CHEN Chenbo, ZHAO Jirui, LIU Xiaotian, WANG Zhongliang, HE Zhen, WANG Liang, WANG Qun
Journal of Hunan Normal University(Medical Science). 2026, 23(1): 83-89.
Objective The influencing factors of the stability of coronary atherosclerotic plaques were explored through meta-analysis. Methods Seven databases at home and abroad were searched, and the search time limit was from the establishment of the database to August 5, 2025. The research literature on the influencing factors of plaque stability in Chinese patients with coronary atherosclerosis was screened. According to the inclusion and exclusion criteria, the literature was screened, the data was extracted, and the quality was evaluated. Nine influencing factors were collected, including age, smoking, life event stress history, depression, low-density lipoprotein cholesterol (LDL-C) level, total cholesterol (TC), uric acid (UA), C-reactive protein (CRP), cystatin C (CysC). Stata 18.0 and Review Manager 5.4 software were used to conduct Meta-analysis according to the results of heterogeneity test using random effect model or fixed effect model. The pooled odds ratio (OR) and 95% confidence interval (CI) were calculated, and sensitivity analysis and subgroup analysis were performed. Results A total of 7 high-quality studies involving 3 523 patients were included.
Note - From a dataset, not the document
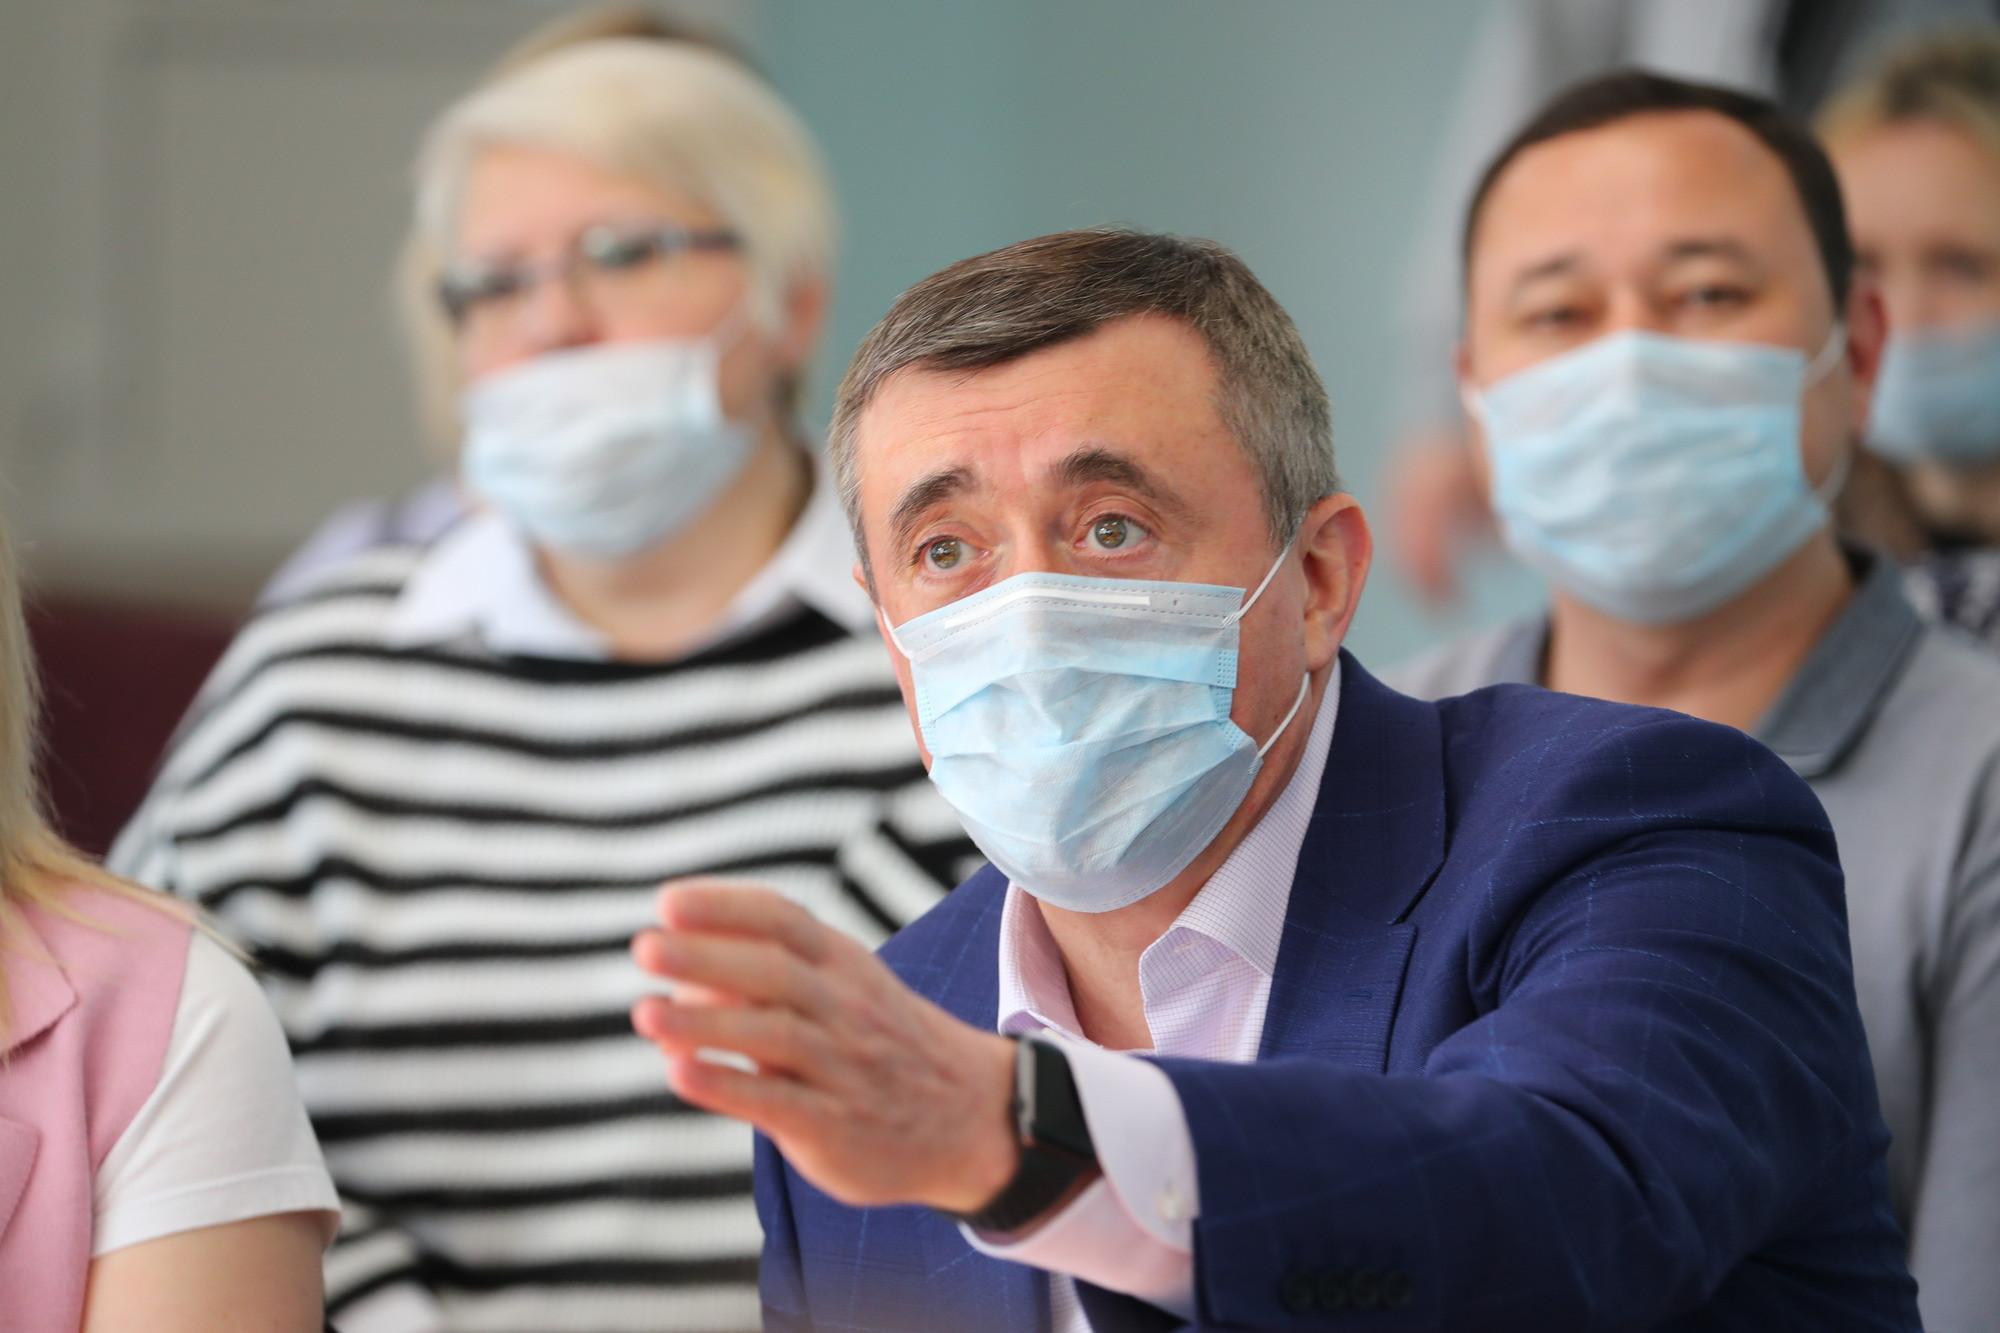 Минздрав не понял инициативу Лимаренко по отмене масочного режима

The results of Meta-analysis showed that age (OR=1.04, 95% CI: 1.00-1.07), smoking (OR=3.36, 95% CI: 2.18-5.18), life events stress history (OR=1.03, 95% CI: 1.02-1.04), depression (OR=1.17, 95% CI: 1.11-1.22), LDL-C level (OR=2.74, 95% CI: 2.01-3.72), UA level (OR=3.54, 95% CI: 2.15-5.83), CRP level (OR=1.49, 95% CI: 1.18-1.89) and CysC level (OR=3.18, 95% CI: 2.06-4.90) were risk factors for plaque stability (all P<0.05). However, TC level was not significantly associated with plaque stability (OR=0.90, 95% CI: 0.63-1.29, P=0.568). The analysis results of smoking, LDL-C, UA and CysC showed low heterogeneity and good robustness. Conclusion Smoking, high UA, high LDL-C, high cystatin C, high CRP levels, as well as a history of life event stress, depression and aging are important risk factors for plaque stability in Chinese patients with coronary atherosclerosis.